The Company reported an operating loss from continuing operations
of $(2.1) million for the third quarter of 2007 compared to an
operating loss of $(4.4) million for the three months ended
September 30, 2006. The decreased operating loss resulted primarily
from a reduction of general and administrative costs through the
consolidation of staffs and offices, and a decrease in amortization
costs of customer lists. Net loss from continuing operations for
the three months ended September 30, 2007 was $(3.4) million or
$(0.55) per fully diluted share, compared to a net loss from
continuing operations of $(8.1) million, or $(1.34) per fully
diluted share for the three months ended September 30, 2006. Devcon
reported a loss from discontinued operations, net of tax of $(1.2)
million for the three months ended September, 2007, compared to a
loss from discontinued operations, net of tax of $(3.1) for the
same period last year. The decreased operating loss primarily
resulted from the winding down of construction operations. Net loss
available for common shareholders for the three months ended
September 30, 2007 was $(6.4) million or $(1.04) per fully diluted
share, compared to a net loss of $(11.2) million, or ($1.86) per
fully diluted share for the comparable period last year. Nine
Months Results Revenues from continuing operations for the nine
months ended September 30, 2007 increased $2.8 million to $42.2
million, compared to revenues of $39.5 million for the nine months
ended September 30, 2006. The increase in revenues for the first
nine months of 2007 resulted from two additional months of Guardian
revenues versus 2006, as well as organic increases in services and
installation revenue, partially offset by a decrease in revenue in
2007 resulting from the sale of Coastal in June 2006. The Company
reported an operating loss from continuing operations of $(8.6)
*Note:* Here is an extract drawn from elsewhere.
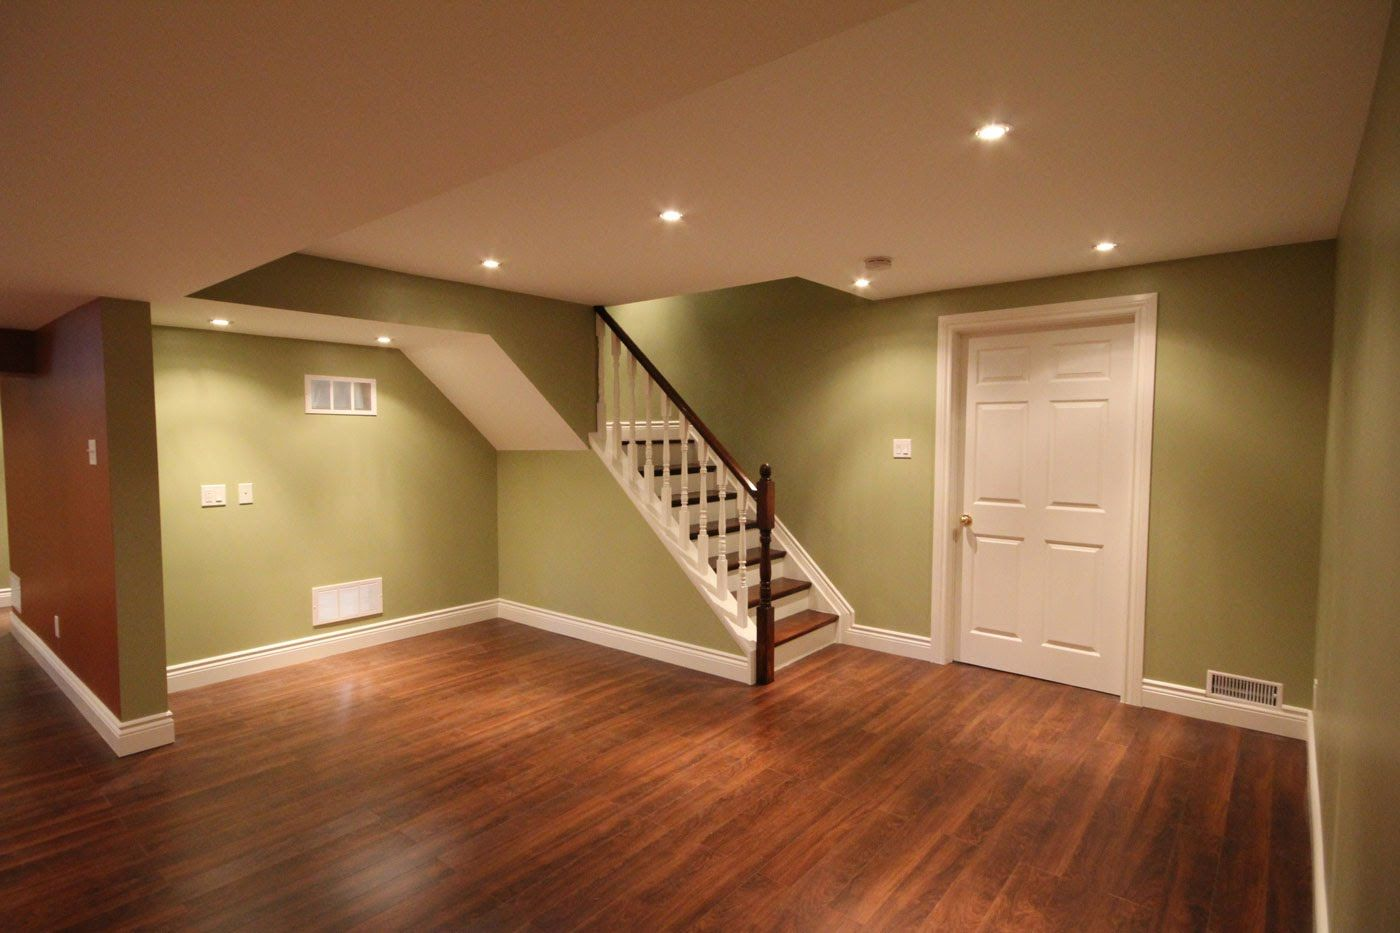 stair handrail height Google Search Basement

million after the effect of amortization and depreciation expenses
of $13.1 million for the nine months ended September 30, 2007
compared to an operating loss of $(11.1) million after the effect
of amortization and depreciation expenses of $14.1 million for the
nine months ended September 30, 2006. This reduction resulted
primarily from the increase in revenue and the reduction in
amortization expenses of customer lists. Net loss from continuing
operations for the nine months ended September 30, 2007 was $(12.2)
million or $(1.96) per fully diluted share, compared to a net loss
from continuing operations of $(17.9) million, or ($2.98) per fully
diluted share for the nine months ended September 30, 2006. The
decrease in the net loss resulted primarily from a reduction in
interest expense partially offset by a reduction in the increase in
the change of derivative value of the preferred stock. The Company
reported a loss from discontinued operations, net of tax of $(4.6)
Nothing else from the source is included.